Can Beam Really “Cut Through” the Scalability Issue?
Beam’s implementation of Mimblewimble protocol meant gaining access to its cut-through features which support its effort to deliver better scalability. The whole process works like this:
- As described above, Pedersen commitment scheme allows for the merging of transactions ranging from A to C, allowing it to “cut through” B, as an intermediary.
- Since intermediary outputs which form a single block are presented as a single large transaction, the system can store only the current state without the need to do the same for entire transaction history.
- After a new node becomes a part of the network for the first time, it can start working with compacted history only, i.e. the one containing information on system state and blockchain headers. Since there is no need to retrieve the entire transaction history, this approach is supposed to significantly reduce the amount of information a node needs to start mining or verify new blocks.
How Does Beam Plan to Ensure “Fairer” Mining?

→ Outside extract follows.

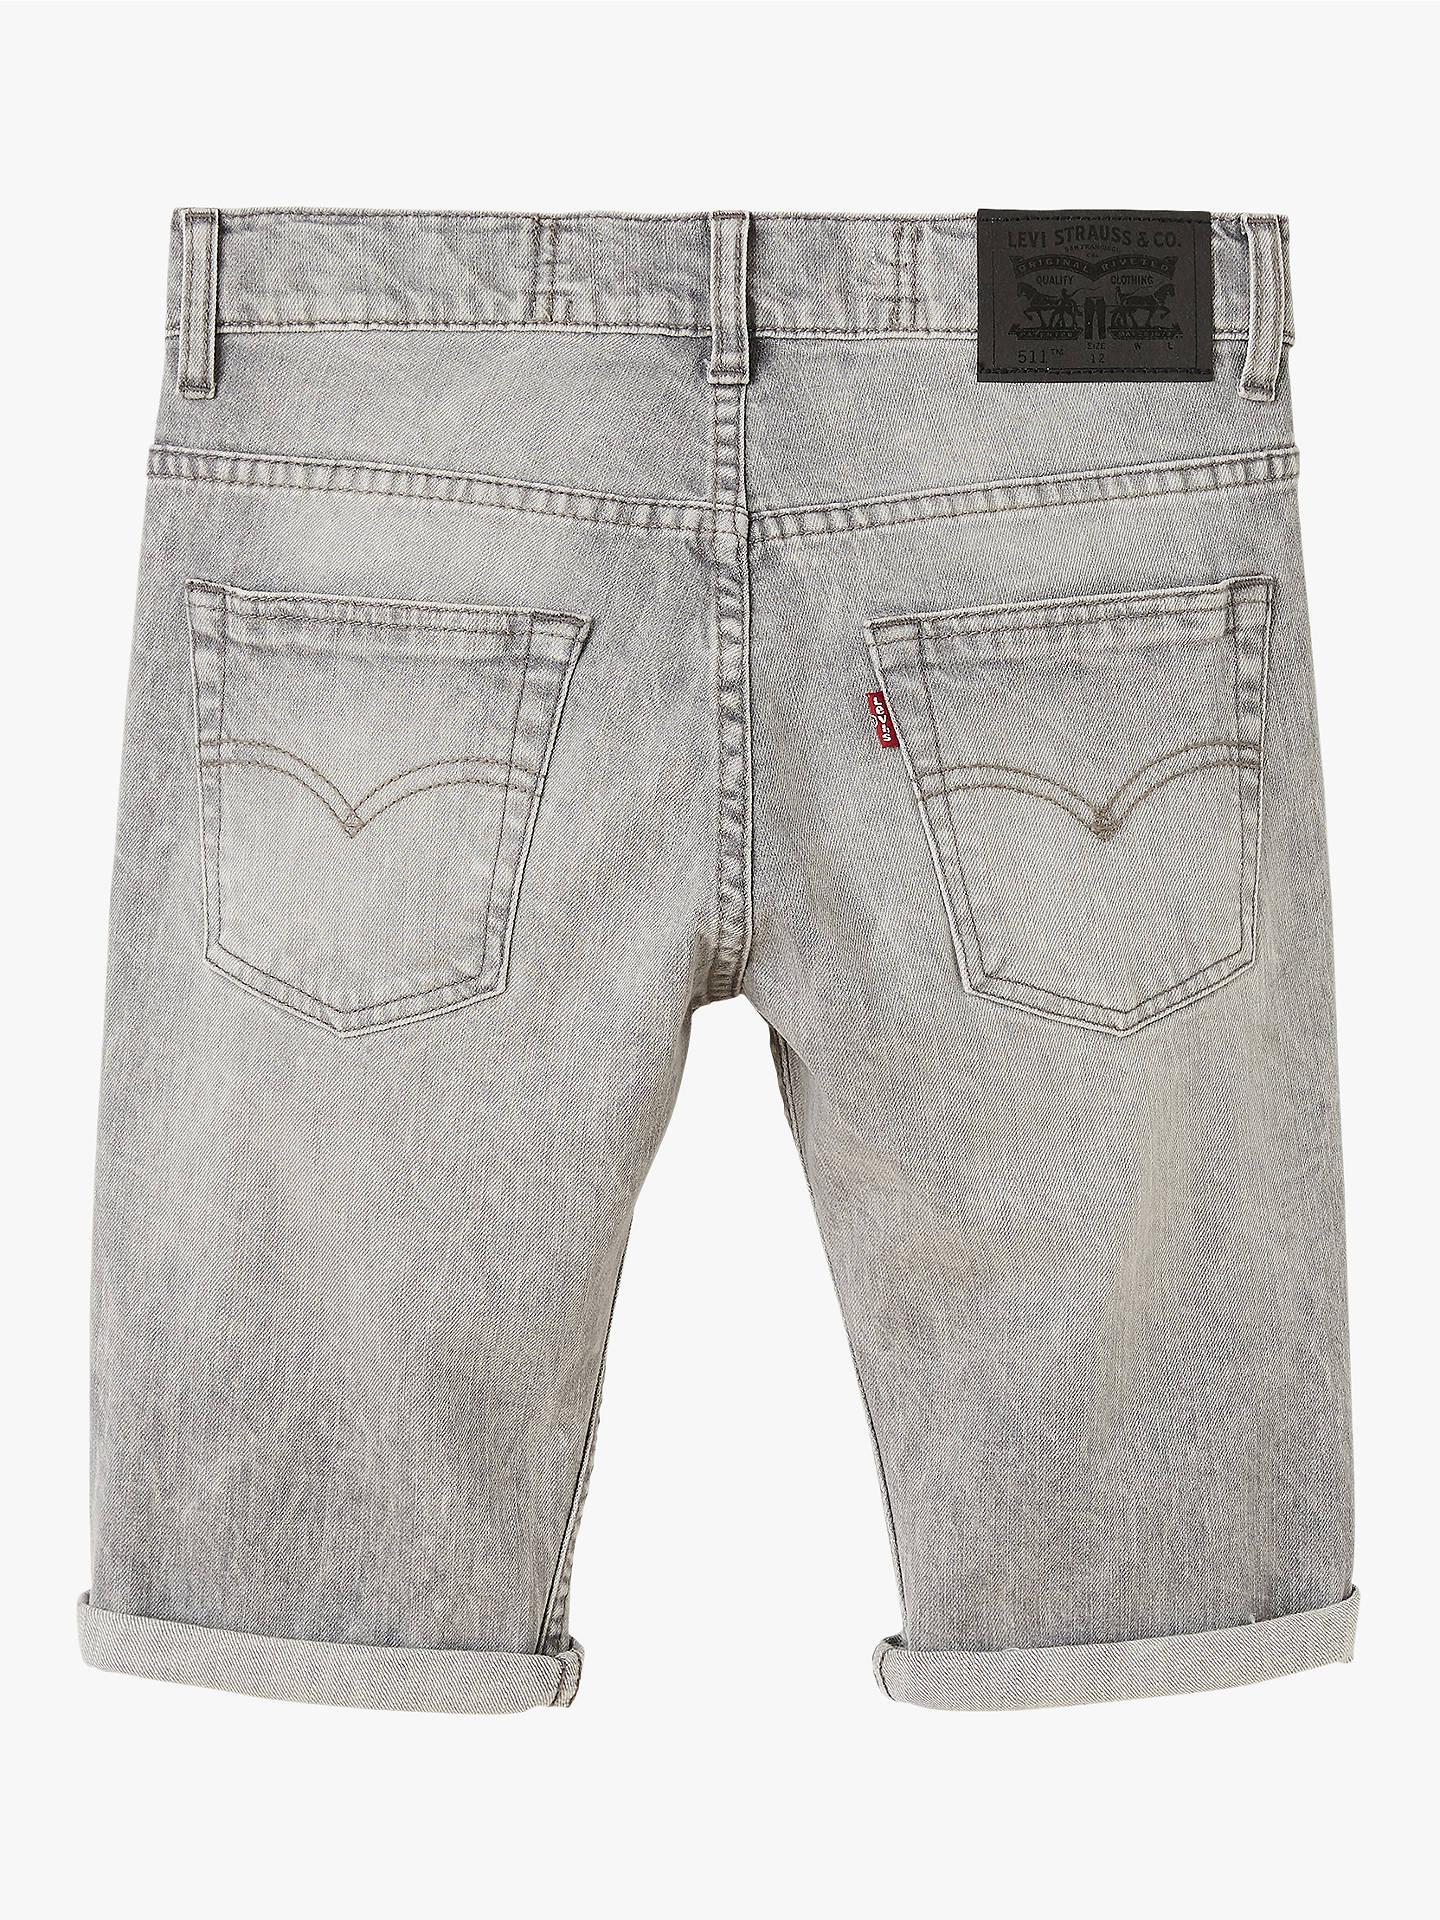 7ff938170c ... Buy Levi's Boys' 511 Denim Bermuda Shorts, Grey, 6 years Online at  johnlewis

With Beam, blocks are mined using Proof-of-Work paired with Equihash algorithm. Beam developers mention Equihash in the same breath as Mimblewimble, describing it as a stable and GPU-friendly solution aligned with its goal to secure more equitable coin distribution. BEAM hopes to decentralize its network from the outset – this is to be done by discouraging ASIC-based mining over the initial interval of no more than 18 months and allowing BEAM coin mining with GPUs.

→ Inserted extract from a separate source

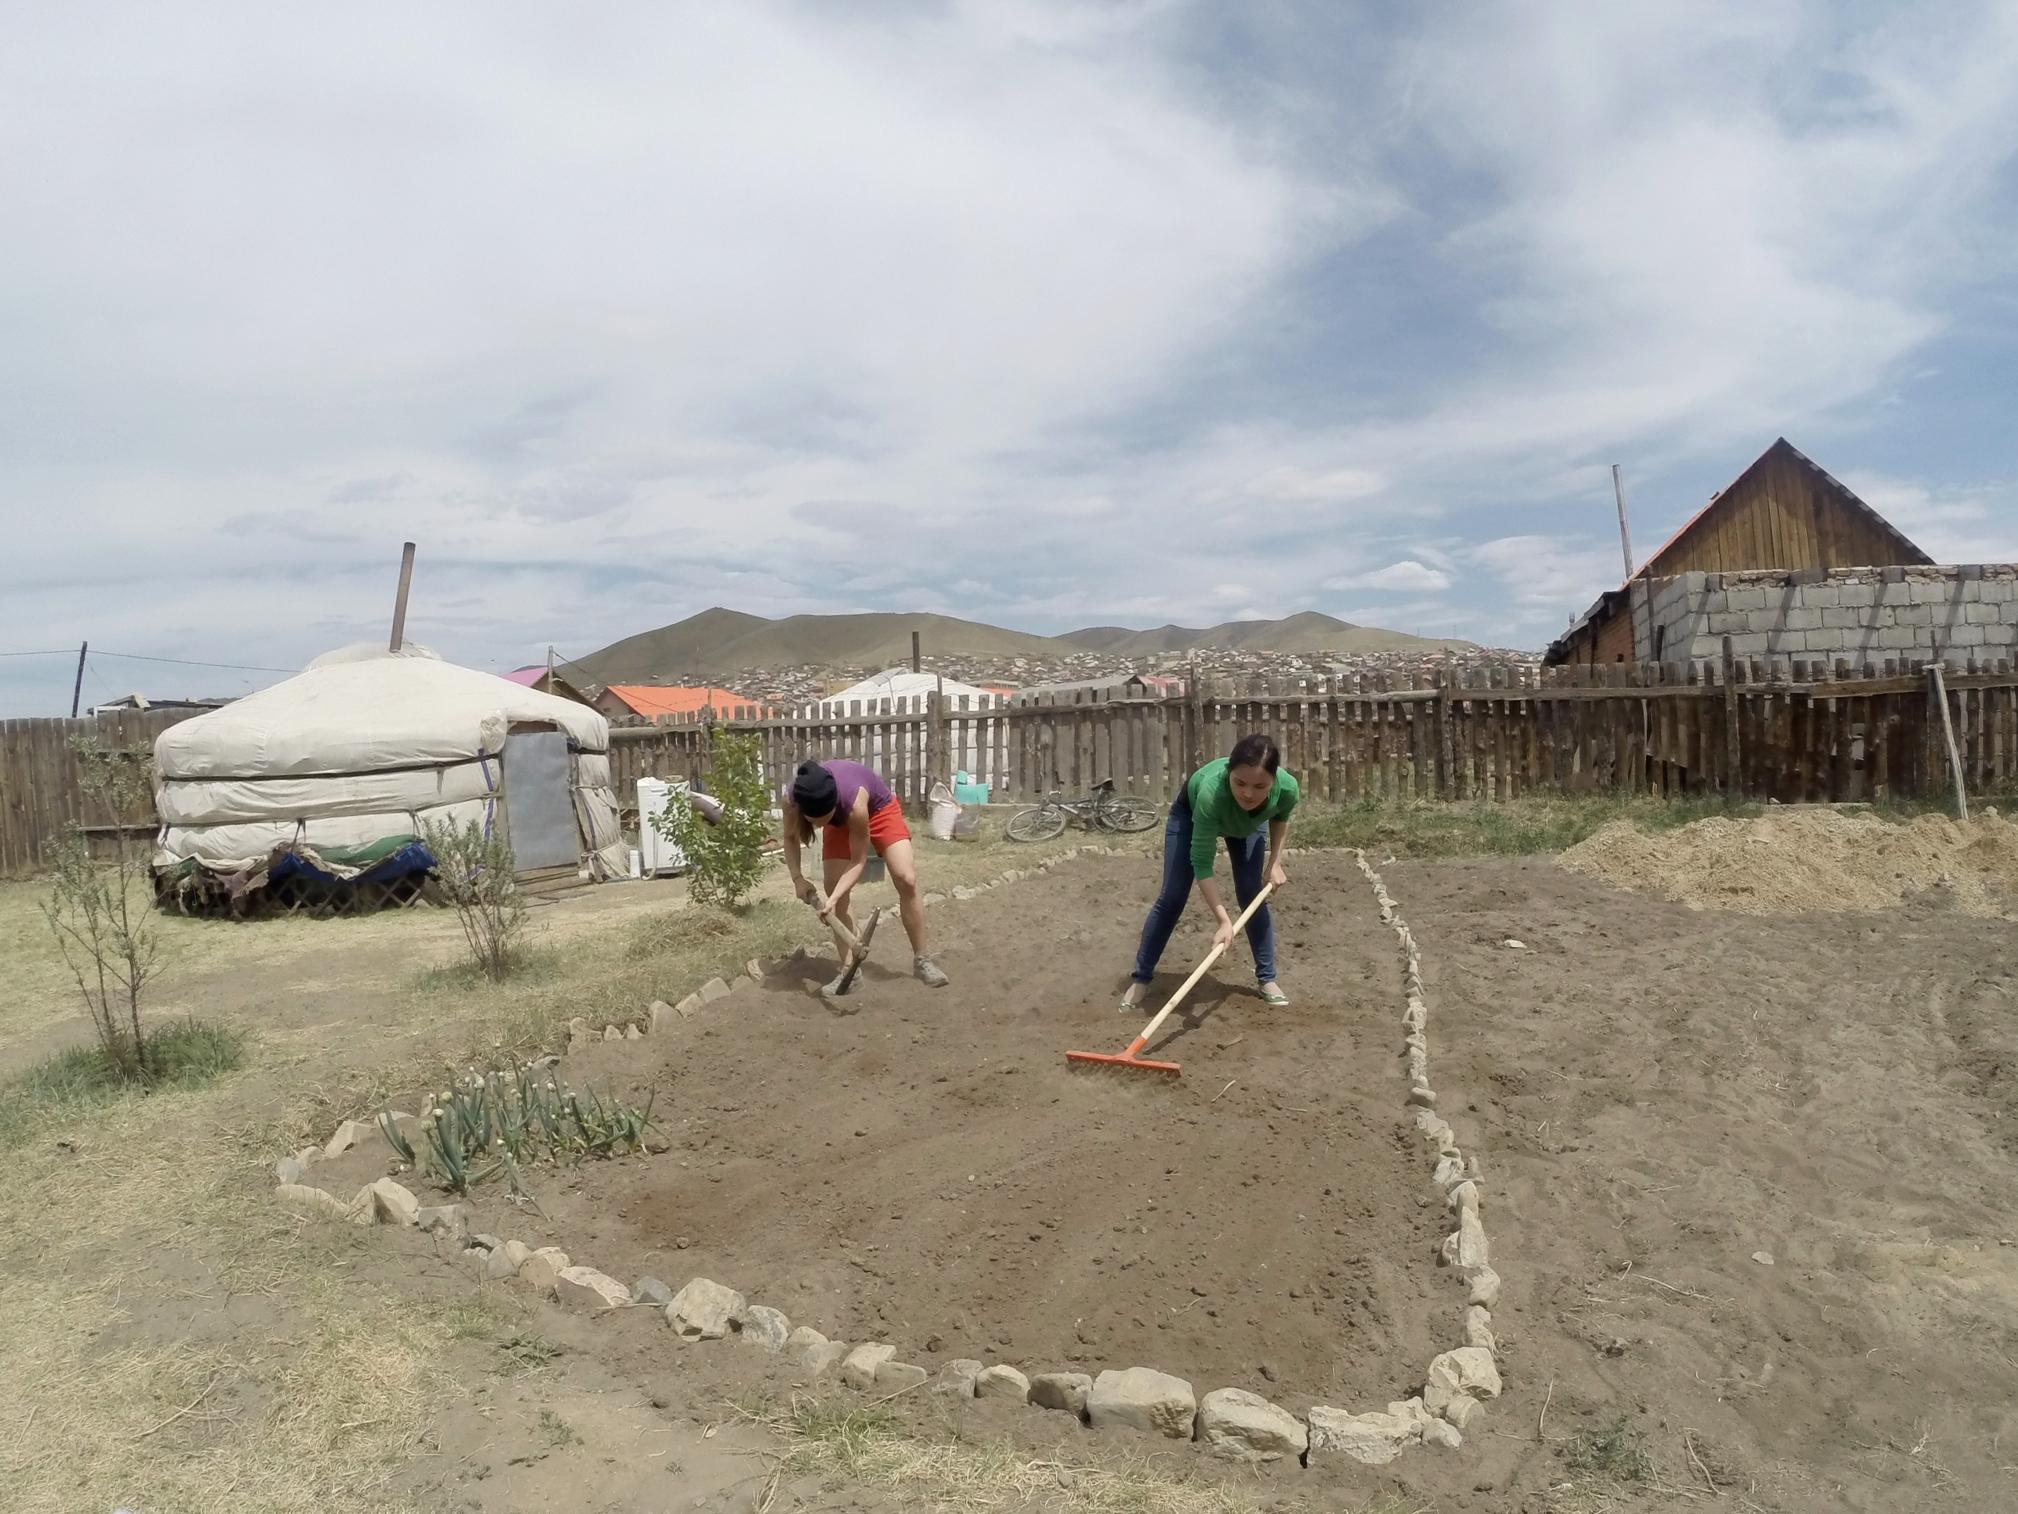 1 week of hard work to prepare the new garden

While this does not mean leaving ASIC miners in the lurch, the general idea is to provide CPU and GPU miners with a head start in the initial period of the platform’s lifecycle. This approach is also supposed to deliver better hashrate and cryptographic wall for the Beam platform. In order to further incentivize the miners, the first five years of Beam will feature block reward distribution with the ratio of 80% of rewards going to the miners and the remaining 20% being divided between the Beam Foundation, employees, investors, founders and advisers.

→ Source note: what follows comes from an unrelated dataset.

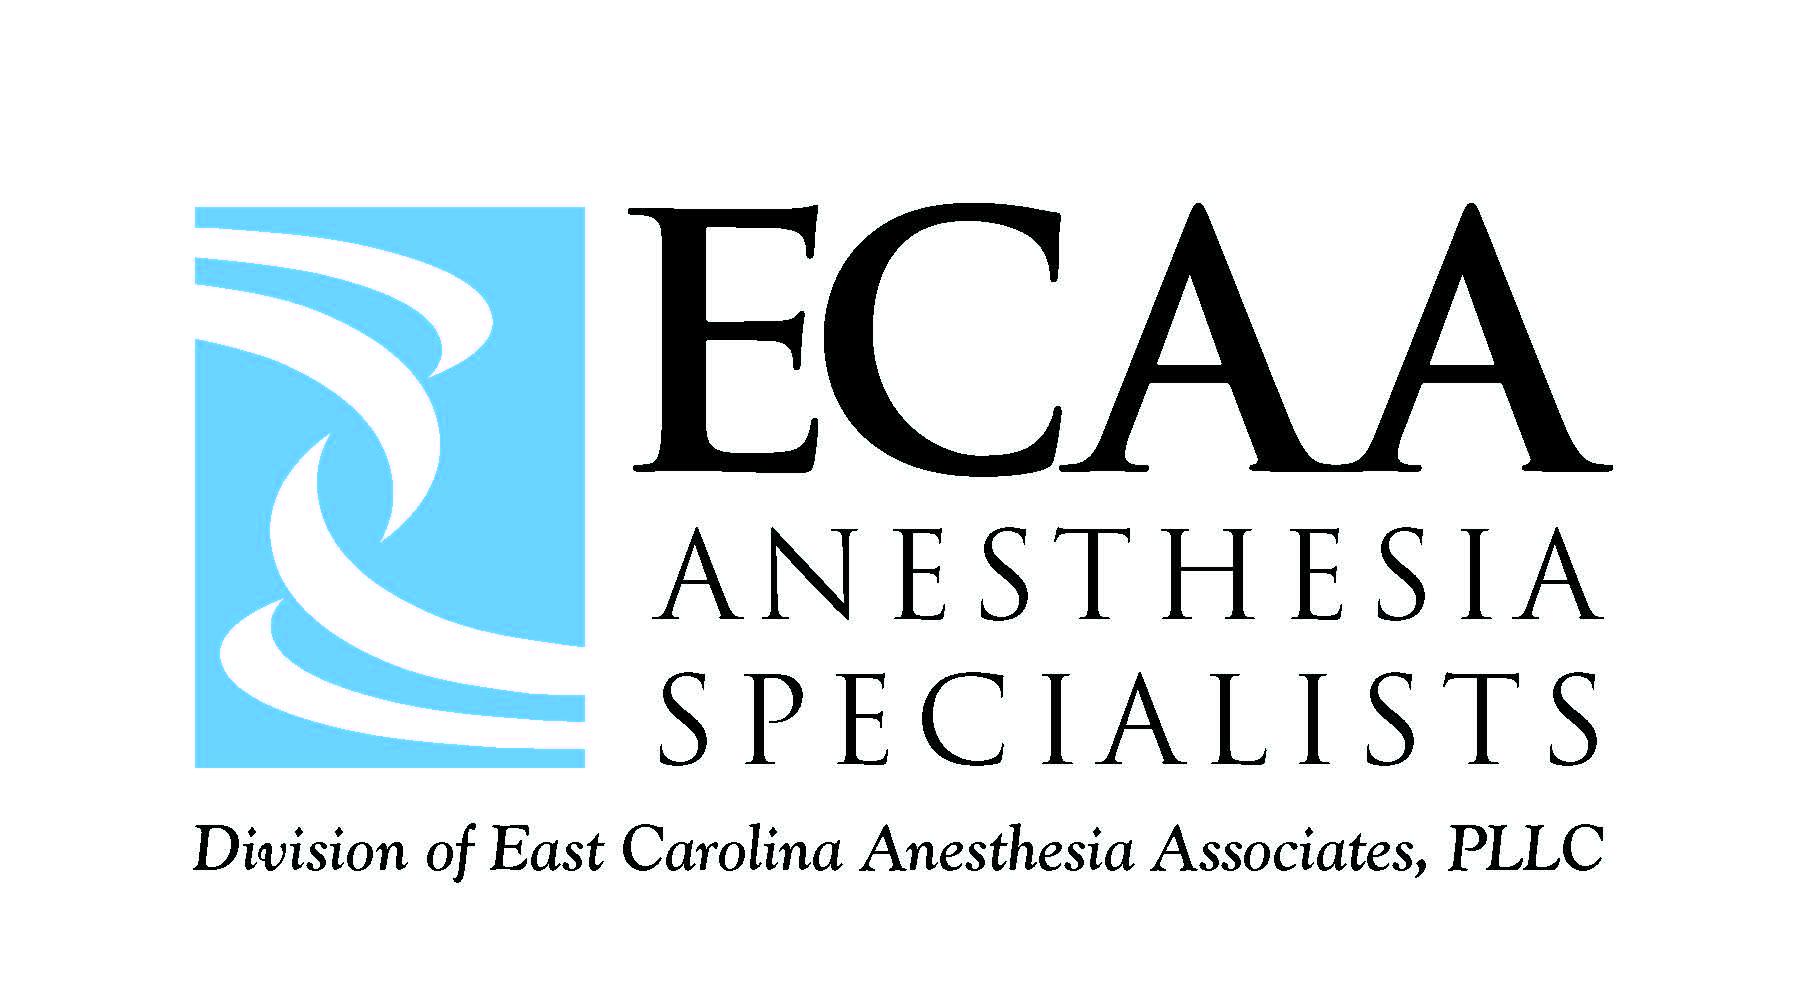 ECAA - Anesthesia Specialists Logo

BEAM Coin Availability and Competitors
While comparisons with Grin seem inevitable, CEO of the Beam project Alexander Zaidelson, does not treat Grin as a direct competitor, preferring to call it “co-petitor” with which cooperation in certain points is a possible option.
Despite technological similarities, two Mimblewimble cryptocurrencies differ much in their approach to business models. While Grin focuses on keeping the project afloat with the help of community’s donations, Beam started out as a more or less standard startup, with a long-term aim to leave its operations in the hands of its non-profit foundation. While the identity of Grin’s creator(s) remains clouded by the shroud of mystery, Beam’s website has a list of team members who receive salaries and participate in attracting the investors’ money for the project.
Based on this, Beam wants to be a more business-friendly solution among the two, splitting its development efforts into two main directions: BEAM Core, which is focused on technology, and BEAM Compliance which offers opt-in auditability features by which businesses can work on regulatory compliance and cooperate with auditors if necessary.
While other privacy coins such as Monero and Zcash are considered competitors of Beam in areas such as scalability, auditability and confidentiality, the project also emphasizes partnerships, such as the recent one involving Litecoin. Based on it, the Beam team will help Litecoin introduce privacy and fungibility features by assisting them with the implementation of the Mimblewimble protocol.